Peki Salinger bu iki ucu da sonsuza giden çizginin neresinde duruyordu? Kitabın epigrafı olarak seçilen Zen bilmecesinin de işaret ettiği gibi, Salinger Amerikalı olmaktan sıkılan birtakım seçkin Amerikalılar gibi Zen Budizm’ine merak sarmıştı. İştirak ettiği İkinci Dünya Savaşının onu, tıpkı öykünün başkişisi Seymour gibi çok sarstığını biliyoruz. Dünyayla zaten zayıf olan bağları iyice hırpalandıktan sonra tutunacak manevi bir dal arayışı, onu Budizm’e taşımıştır. Budizm savaştıkları, düşmanları olan Japonların inancıymış, ne gam! Kapitalist Batı, dogmatik düşmanlık ya da dostluk tanımlarıyla kendisini sınırlandıracak kadar akılsız değil ki. Faydalı bulduğu her şeyi bünyesine katacak kadar pragmatist. Budizm de, işe yararlığı ölçüsünde, doğunun geri kalmış, kategorik olarak ilkel bir öğretisi olarak görmezden gelinmedi. Kendi açtığı yaraları yine kendi tedavi etme becerisiyle rakiplerinin önüne geçmiş kapitalizm tarafından, sayılarla boğulmuş, satış hedefleriyle, zenginlik fakirlik gerilimiyle sinirleri bozulmuş yurttaşlarının istifadesine sunuldu. Bu kişiler teselli ve tedavi edilmediklerinde üretim ve hatta tüketim süreçlerinden çekilebilirdi ki, kapitalizmin felaketi olurdu, ağlardı.

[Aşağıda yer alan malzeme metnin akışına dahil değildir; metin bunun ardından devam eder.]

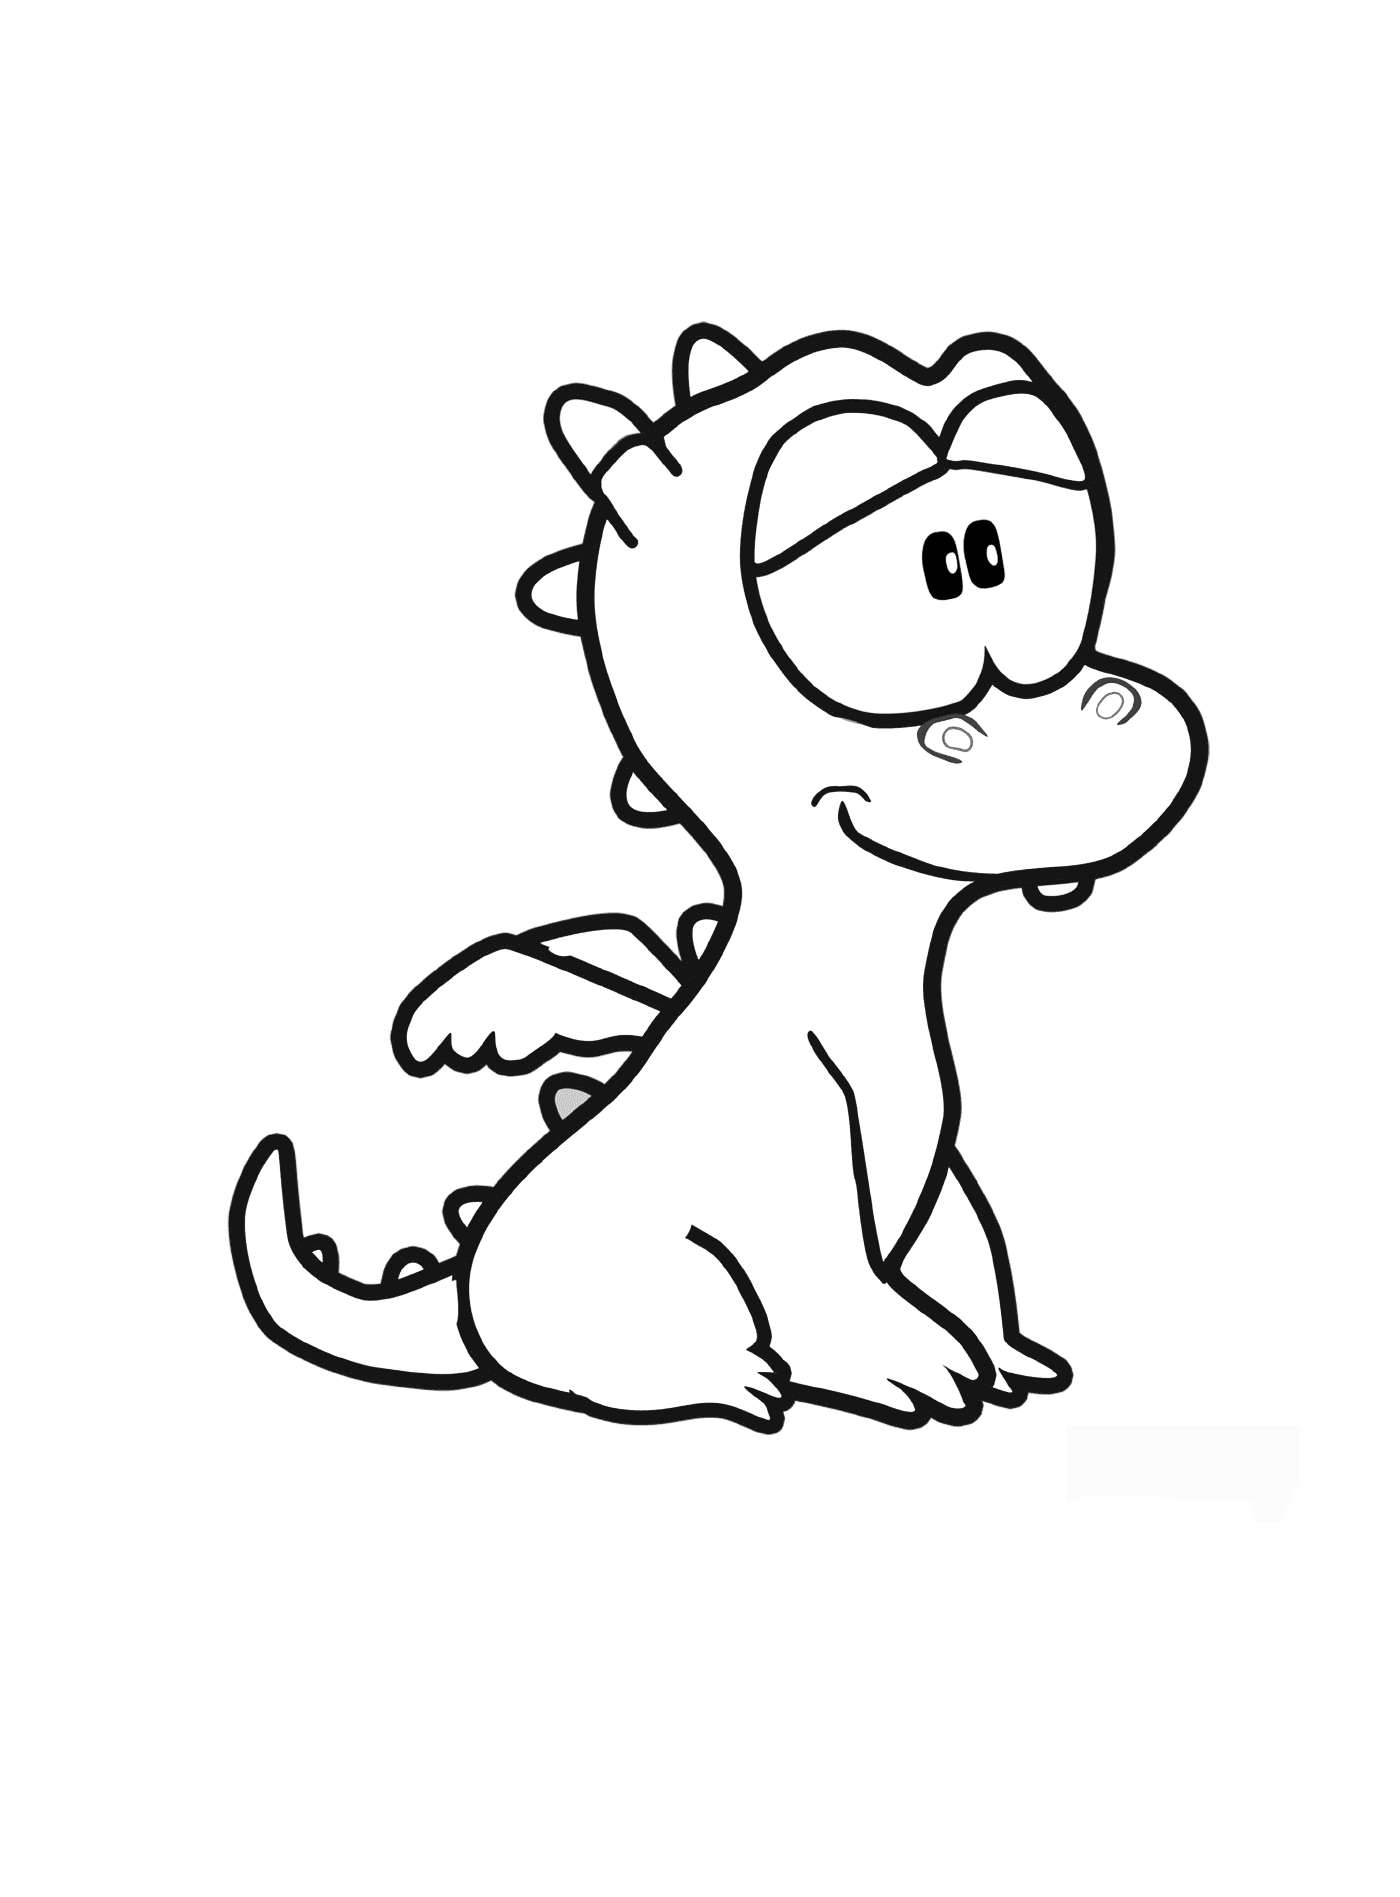  An easy to draw dragon

Her neyse, sözü getirmeye çalıştığım yer, bir Yahudi olan Salinger’ın Kabala’dan gelen numerolojiye ilave olarak, sonradan yakınlaştığı ve hatta intisap ettiği Zen Budizm’inden de sayıların önemine dair bir şeyler almış olması gerektiği. Budizm’in içinde, bizdeki üçler, yediler, kırklar gibi pek çok kutsal sayı olduğu malumdur. Hatta Anadolu sufiliğine giren bu sembollerin ve sayıların köklerinin Maniheizm, Şamanizm ve Budizm gibi doğu öğretileri olduğunu da Ahmet Yaşar Ocak’ın çalışmalarında görmüştük.

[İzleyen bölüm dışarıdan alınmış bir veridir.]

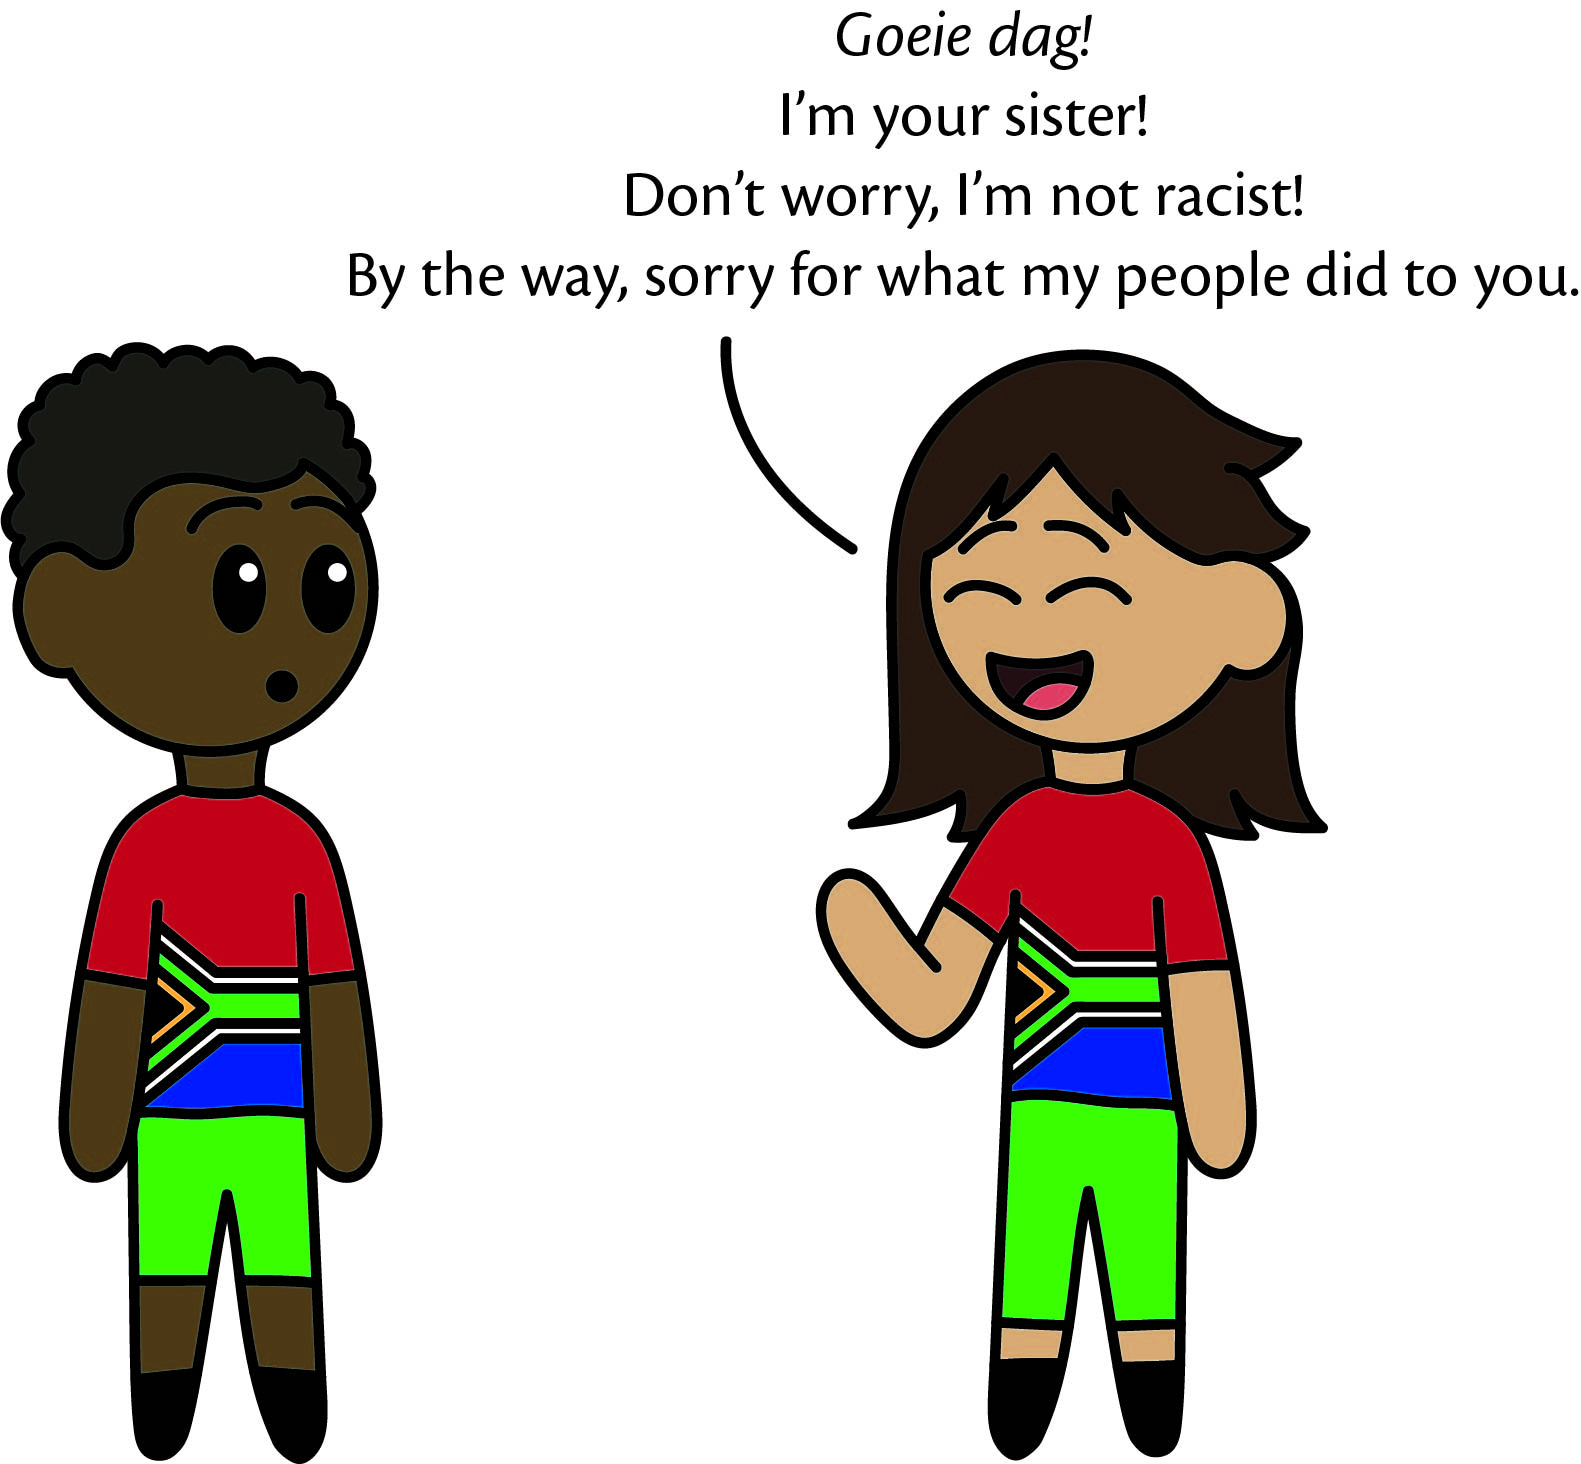 South Africa meets his sister satwcomic.com

Abartıyor muyum? 507’nin peşinden giderken edebiyatın ve hatta ilahiyatın, antropolojinin de dışına çıkıp komplo teorilerinin ve deliliğin tekinsiz topraklarına mı adım attık? Belki öyle, ama öykünün başkişisi olan Seymour, pamuk ipliğine bağlı aklını savaş travmalarıyla koparıp deliliğin sularına düştüğüne göre, onu incelerken onunla duygudaşlık kurmamız çok mu ayıp? Eserin içerdiği sembolizmi analiz etmeden yapılan herhangi bir inceleme eksik kalmaz mı? Biz de bir bakıma öykünün sembolizmini çözümlemeye çalışıyoruz. Kendisine çözmesi için bir koan, bir Zen bilmecesi verilmiş bir talebe gibi. Orada olmayan bir cevabı arıyoruz. Bir cevap yaratmaya çalışıyoruz. Eh, iyi edebiyat da biraz böyle bir şey değil midir? Büyük eserler sembolik ağlarla örülmüştür ve okuru bir yanlarıyla kendilerine bilmece gibi çekerler. Salinger’ın bu kadar iyi bir yazar olması da, onun semboller yaratma, bilmeceler kurma yeteneğiyle doğrudan ilgilidir.
Bir şeyleri bir şeylere bağlama, düğümler atma, labirentler kurma ve okuru büyüleme sanatı olarak edebiyatın böyle şeylerle bağ kurmasına şaşmamak gerekir. Ayrıca kabahatimizi küçültmek için Salinger’ın kitabın başına koyduğu şu Zen bilmecesini de hatırlamakta fayda var: “Birbirine çarpan iki elin sesini biliriz. Ya tek bir elin sesi nedir?” Burada yazarın bizi düşünmeye ve analiz etmeye davet ettiği açıktır sanıyorum. Ama bu analizden çıkmasını umduğu sonuç, analiz etmemek gerektiği olmalı. Çelişkili ama güzelliği de burada. Tek bir elin sesi yoktur. İki el çarpıştığında bir ses çıkar. Bu süreci analiz etmek için iki eli ayırır, bütünlüğü bozarsak, ses de kaybolur. O halde der adeta Salinger, iki eli ayrı ayrı düşünme, analizi bırak.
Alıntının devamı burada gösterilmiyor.